→ Material provided:
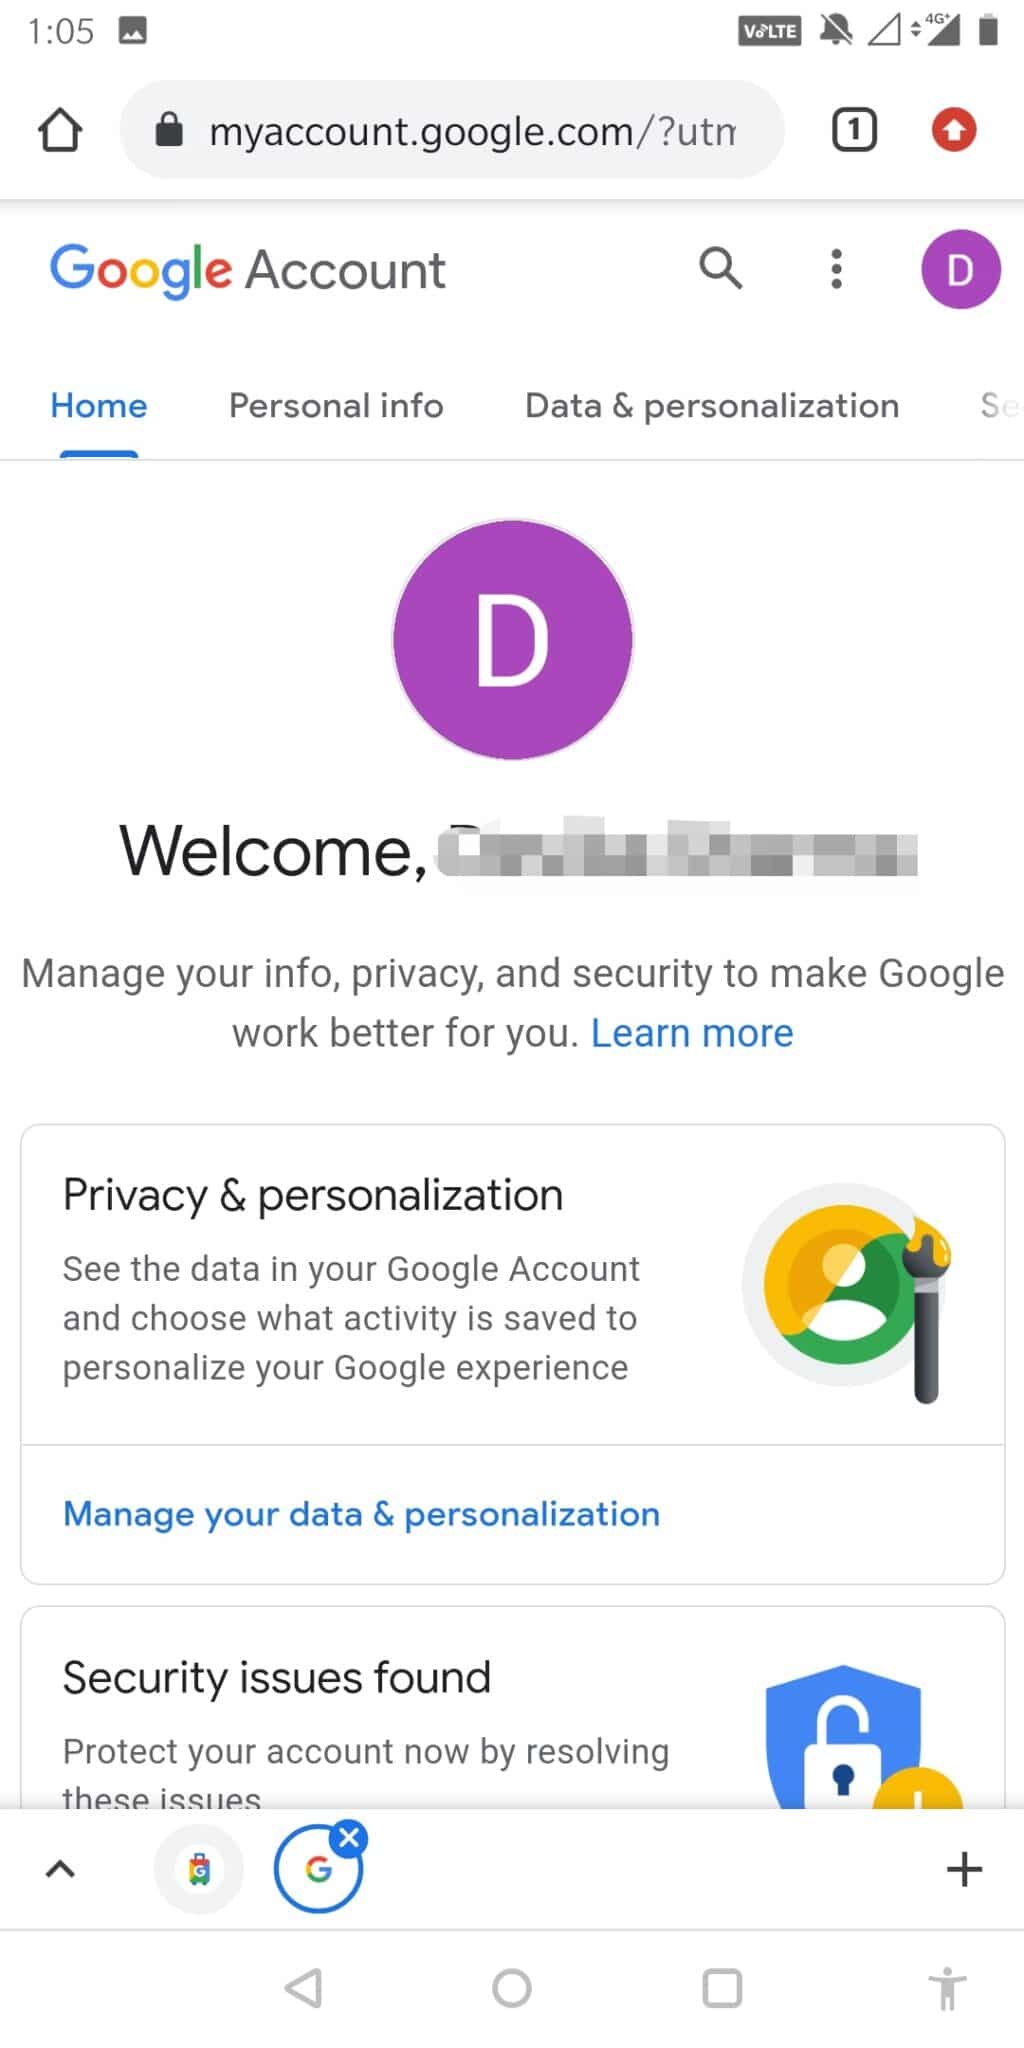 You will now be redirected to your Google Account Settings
==
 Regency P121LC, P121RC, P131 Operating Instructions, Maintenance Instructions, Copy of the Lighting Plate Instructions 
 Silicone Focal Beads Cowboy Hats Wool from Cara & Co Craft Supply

→ Required action:
In the entries above, find the line holding "Regency P121LC, P121RC, P131" and the line holding "Silicone Focal Beads"; print both of them and every line between, exactly, and nothing else.

→ Expected answer:
 Regency P121LC, P121RC, P131 Operating Instructions, Maintenance Instructions, Copy of the Lighting Plate Instructions 
 Silicone Focal Beads Cowboy Hats Wool from Cara & Co Craft Supply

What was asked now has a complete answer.